La “porte des enfers” selon les Romains

En 2011, des archéologues de l’Université de Salento ont redécouvert une mystérieuse grotte utilisée autrefois par les anciens Romains pour des sacrifices d’animaux. A l’époque, le peuple croyait que la grotte était une porte qui menait vers le monde des enfers. En effet, tous les animaux qui se trouvaient à proximité mourraient instantanément alors que les prêtres qui les menaient demeuraient indemnes. 

La grotte en question se trouve en Turquie, auparavant dans une cité dénommée Hiérapolis dans l’ancienne Phrygie. Les taureaux utilisés pour les sacrifices étaient menés par des prêtres castrés à travers la porte de Pluton ou Plutonium, et étaient destinés au dieu des enfers.

Image par DenisPet de Pixabay
Image par DenisPet de Pixabay 

Des milliers d’années plus tard, les scientifiques ont compris pourquoi tous les animaux offerts en guise de sacrifice mourraient lorsqu’ils se trouvaient près de la grotte. En fait, l’endroit est caractérisé par la présence d’un nuage concentré de dioxyde de carbone extrêmement mortel pouvant étouffer tous ceux qui le respiraient.

Les chercheurs pensent que les prêtres étaient au courant de cette particularité et ont tout fait pour éviter de respirer le gaz mortel lors des cérémonies sacrificielles.

Des concentrations mortelles de CO2

Selon les informations, la source de gaz carbonique concentré serait toujours active jusqu’à présent. Pour preuve, les oiseaux qui s’aventurent trop près de l’entrée de la grotte suffoquent tous et meurent.

En 2018, le volcanologue Hardy Pfanz de l’Université de Duisburg-Essen en Allemagne a mené des recherches sur les suintements de gaz au niveau de la grotte. Les résultats de l’étude ont montré que l’activité sismique au-dessous de la grotte était responsable de l’émission du gaz mortel. Une fissure profonde qui se trouve sous la région permet à une quantité importante de dioxyde de carbone volcanique de s’échapper. Des mesures des niveaux de CO2 effectuées dans l’arène reliée à la grotte ont montré que le gaz, qui est plus lourd que l’air, formait comme une sorte de lac s’élevant à 40 centimètres au-dessus du sol de l’arène.

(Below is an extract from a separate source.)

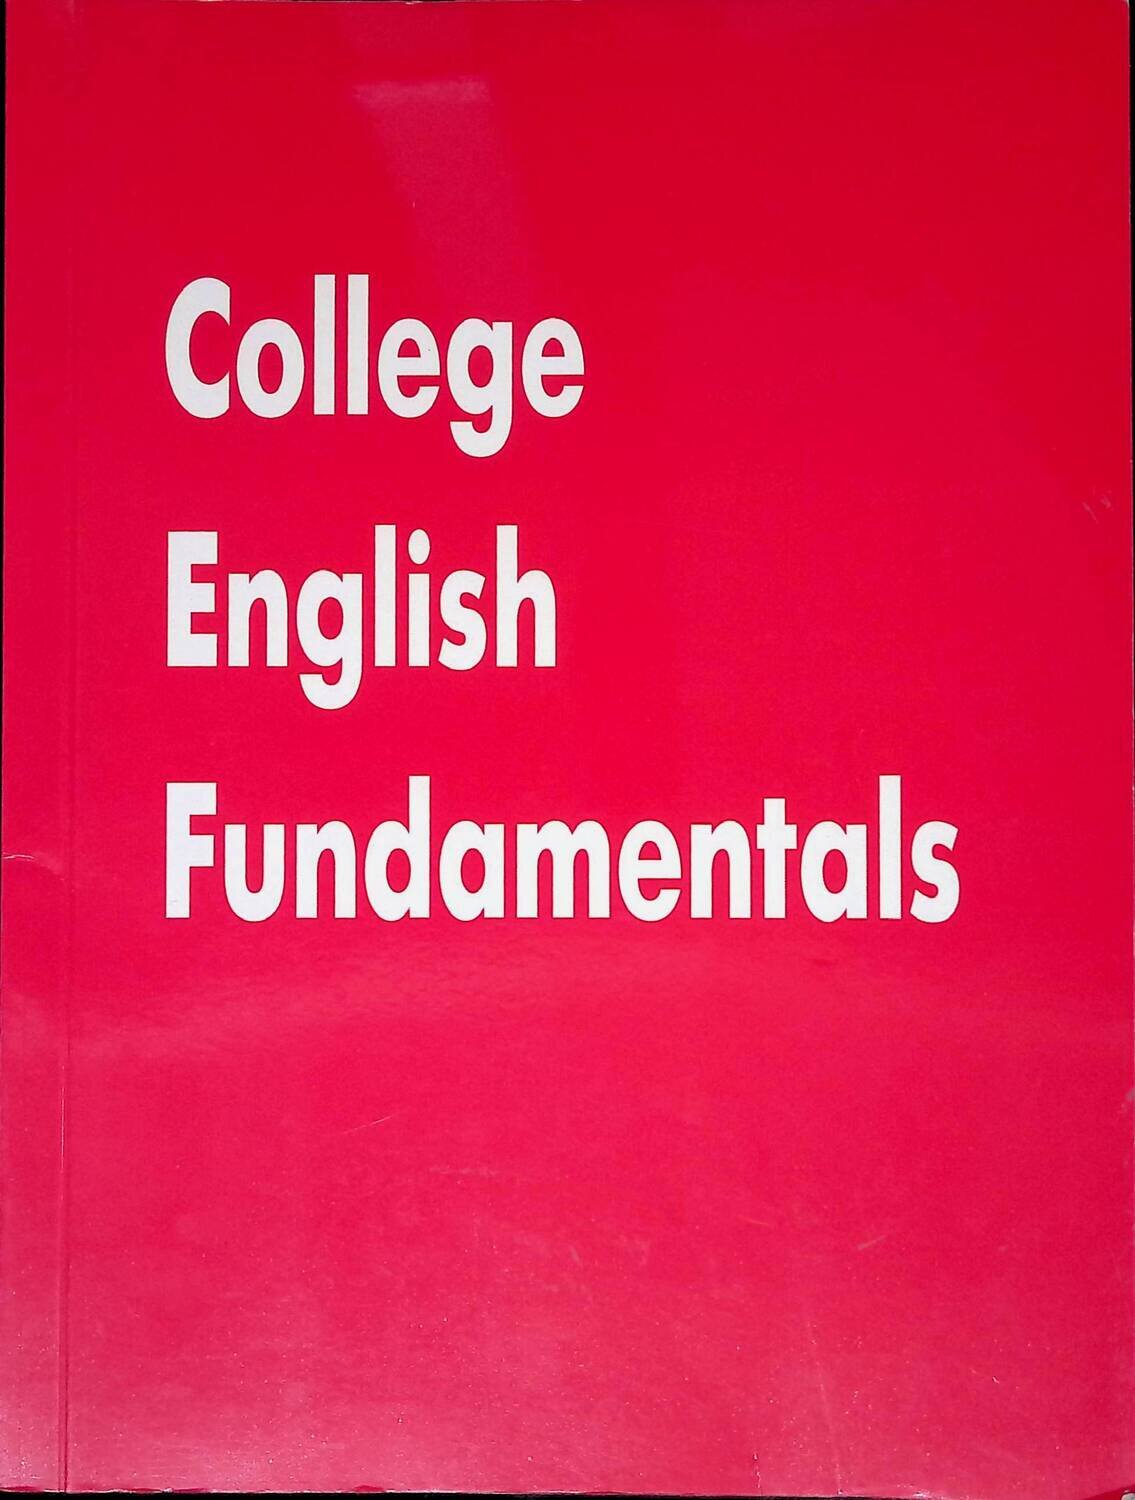 College English Fundamentals / Основы английского языка для колледжей; Автор не указан

Pendant la journée, le gaz est dissipé par le soleil et s’accumule juste sur 5 centimètres de hauteur. Il est par contre à son niveau maximum et le plus mortel à l’aube, après une forte accumulation durant la nuit. A ce moment, la concentration de CO2 au fond du lac est de plus de 50 %. A 10 centimètres du sol, elle est à 35 %, un niveau qui est encore mortel pour l’homme. Au-dessus de 40 centimètres, on peut observer une diminution rapide de la concentration en dioxyde de carbone. En ce qui concerne l’intérieur de la grotte où ni le vent ni le soleil ne peuvent pénétrer, les niveaux de CO2 varient de 86 à 91 %.

Les prêtres étaient au courant

Selon les chercheurs, durant les sacrifices, les prêtres adultes se tenaient toujours debout dans l’arène quand ils menaient les animaux à sacrifier. En veillant à tenir leur nez et leur bouche au-dessus du niveau où l’air était toxique, ils pouvaient échapper à la mort.  Quant aux taureaux, leurs narines se trouvaient entre 60 et 90 centimètres au-dessus du sol. En respirant le gaz toxique, ces gros animaux succombaient rapidement, contrairement aux prêtres qui restaient en pleine forme. Les spectateurs pensaient ainsi que c’était là un témoignage du pouvoir des dieux ou des prêtres.

Pour les scientifiques, les prêtres étaient conscients des propriétés de la grotte et de l’arène. Selon leurs explications, les sacrifices devaient généralement se passer à l’aube ou au crépuscule lorsque les niveaux de CO2 étaient les plus élevés. Il n’est pas non plus impossible qu’ils aient plongé leur tête dans le lac ou soient entrés dans la grotte en retenant leur souffle lors des cérémonies qui se déroulaient  à midi afin de prouver leur pouvoir. Cependant, la découverte de lampes à huile sur les lieux peut aussi indiquer que des cérémonies pouvaient aussi se dérouler la nuit.

Dans leur rapport, les auteurs ont indiqué que les gros animaux étaient sacrifiés dans l’arène par les prêtres pendant les jours de fête. Toutefois, des touristes pouvaient également jeter des petits animaux et des oiseaux qu’on leur a vendus dans l’arène en guise de sacrifices.